I want to force termination and rollback.
With the current method, if an invalid record is found in csv_converter
The module will terminate, but normal records prior to that will be loaded into Vertica.
Since we want to have all records registered or not registered in each CSV,
we need to make sure that all the records are loaded into Vertica.
The above behavior is undesirable.
If anyone knows of a better way to do this, we would be very interested in hearing about it.
That's all, thank you for reading.
Tagged:
0
Answers
I'm not sure how you scripted the load_csv.py, so I will offer a few options. You may be able to add one of the following to the COPY command:
ABORT ON ERROR - Specifies that COPY stops if any row is rejected. The statement is rolled back and no data is loaded.
NO COMMIT - COPY does not auto-commit. The Python script could load more batches with additional COPY...NO COMMIT and at the end, send COMMIT or ROLLBACK depending whether the upstream process succeeded.

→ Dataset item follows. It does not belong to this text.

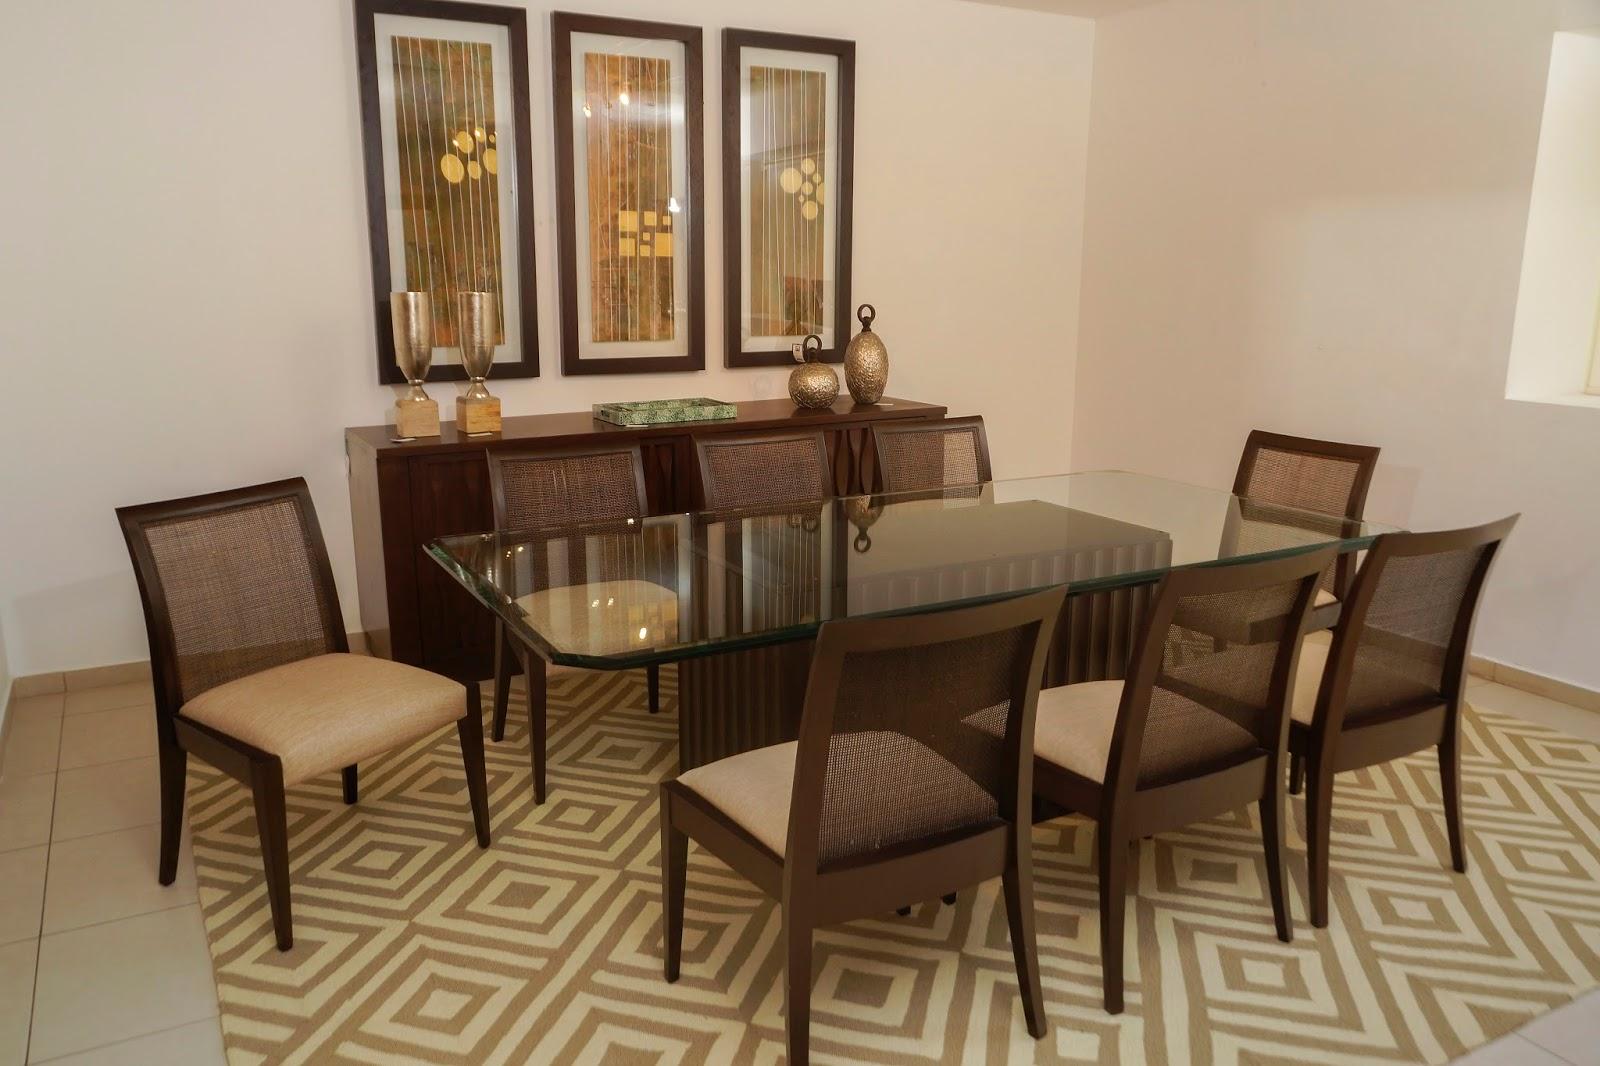 Muebles Merida Affordable Affordable Muebles Y Objetos Merida  # Muebles Merida Yucatan

Please see the documentation for more info: https://forum.vertica.com/discussion/242620/how-to-force-a-rollback-of-a-copy-command
dear @Bryan_H
Thank you for your response.
Currently, in load_csv.py, I am running the COPY command with the
ABORT ON ERROR
option.When loading in Vertica,
considering the case that a newline is included in an item, etc.,
the CSV is parsed in the
csv_converter
module,and then the CSV is created with the delimiter and line end character replaced with special characters.
If CSV parsing fails in
csv_converter
,an error is handled,
but I want the subsequent
load_csv.py
to terminate abnormally when that error occurs,but I am considering what to do about that linkage part.
It is possible to cause an
ABORT ON ERROR
by outputting a different number of dummy data than the number of table items,but I was wondering if there is an elegant solution.

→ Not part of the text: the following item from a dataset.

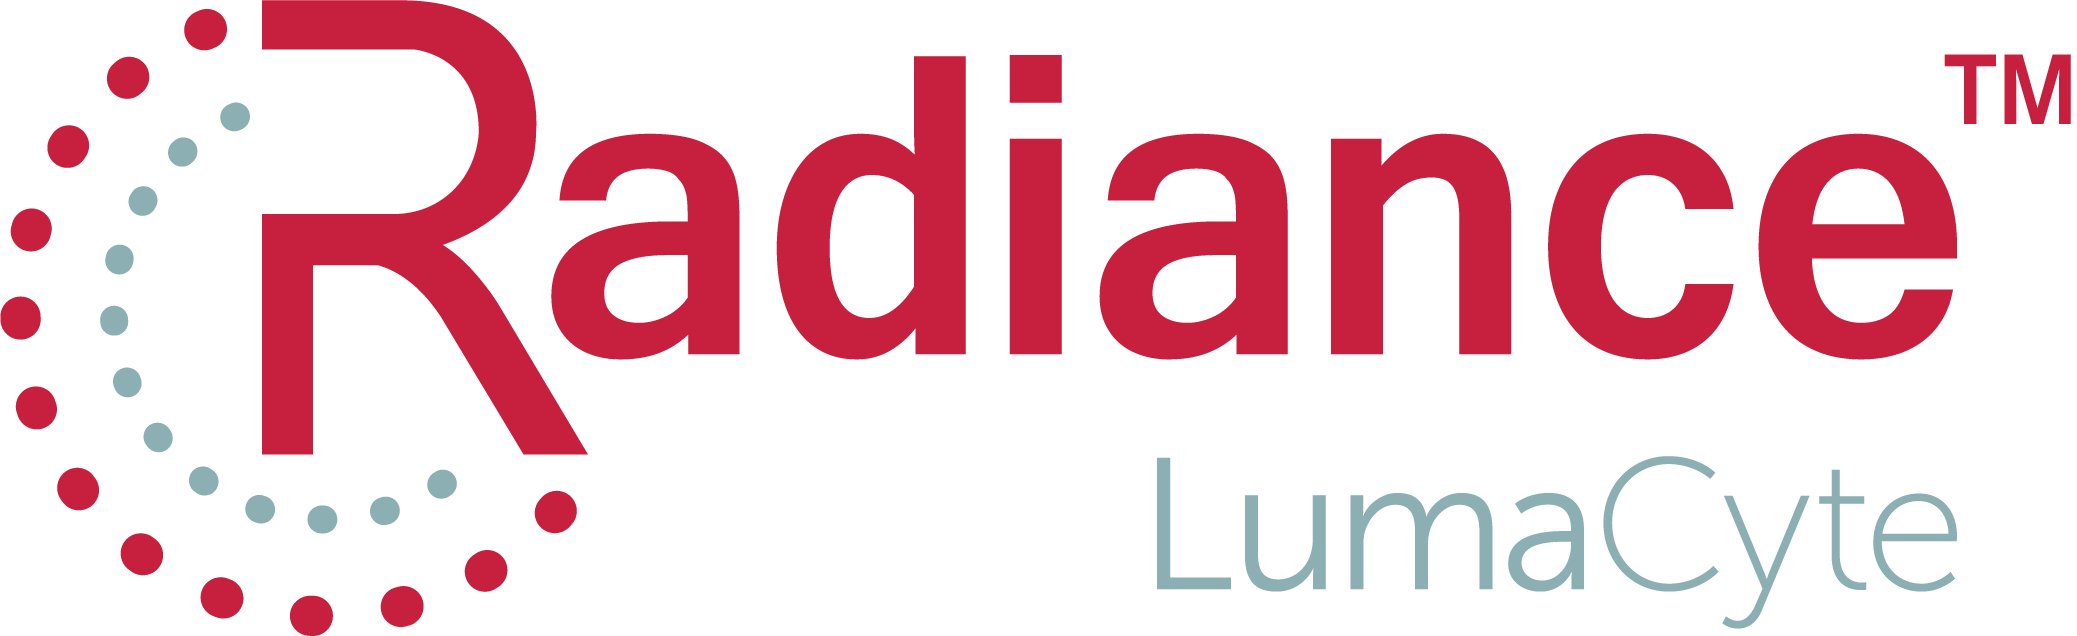 Radiance_logo.png

The following example sets autocommit to false, and executes COPY statement with ABORT ON ERROR and NO COMMIT. There is no Python error handler, so if the execute throws an exception, the script exits and no rows are committed. If the execute succeeds, then "Rows Loaded" count is printed and rows are committed.
import sys
import vertica_python
conn_info = {'host': '127.0.0.1',
'user': 'x',
'password': 'x',
'database': 'x',
}
with vertica_python.connect(**conn_info) as connection:
connection.autocommit = False
cur = connection.cursor()
cur.execute("COPY forum242640(a, b) FROM LOCAL '242640_data.csv' DELIMITER ',' ABORT ON ERROR NO COMMIT", buffer_size=65536)
print("Rows loaded:", cur.fetchall())
connection.commit()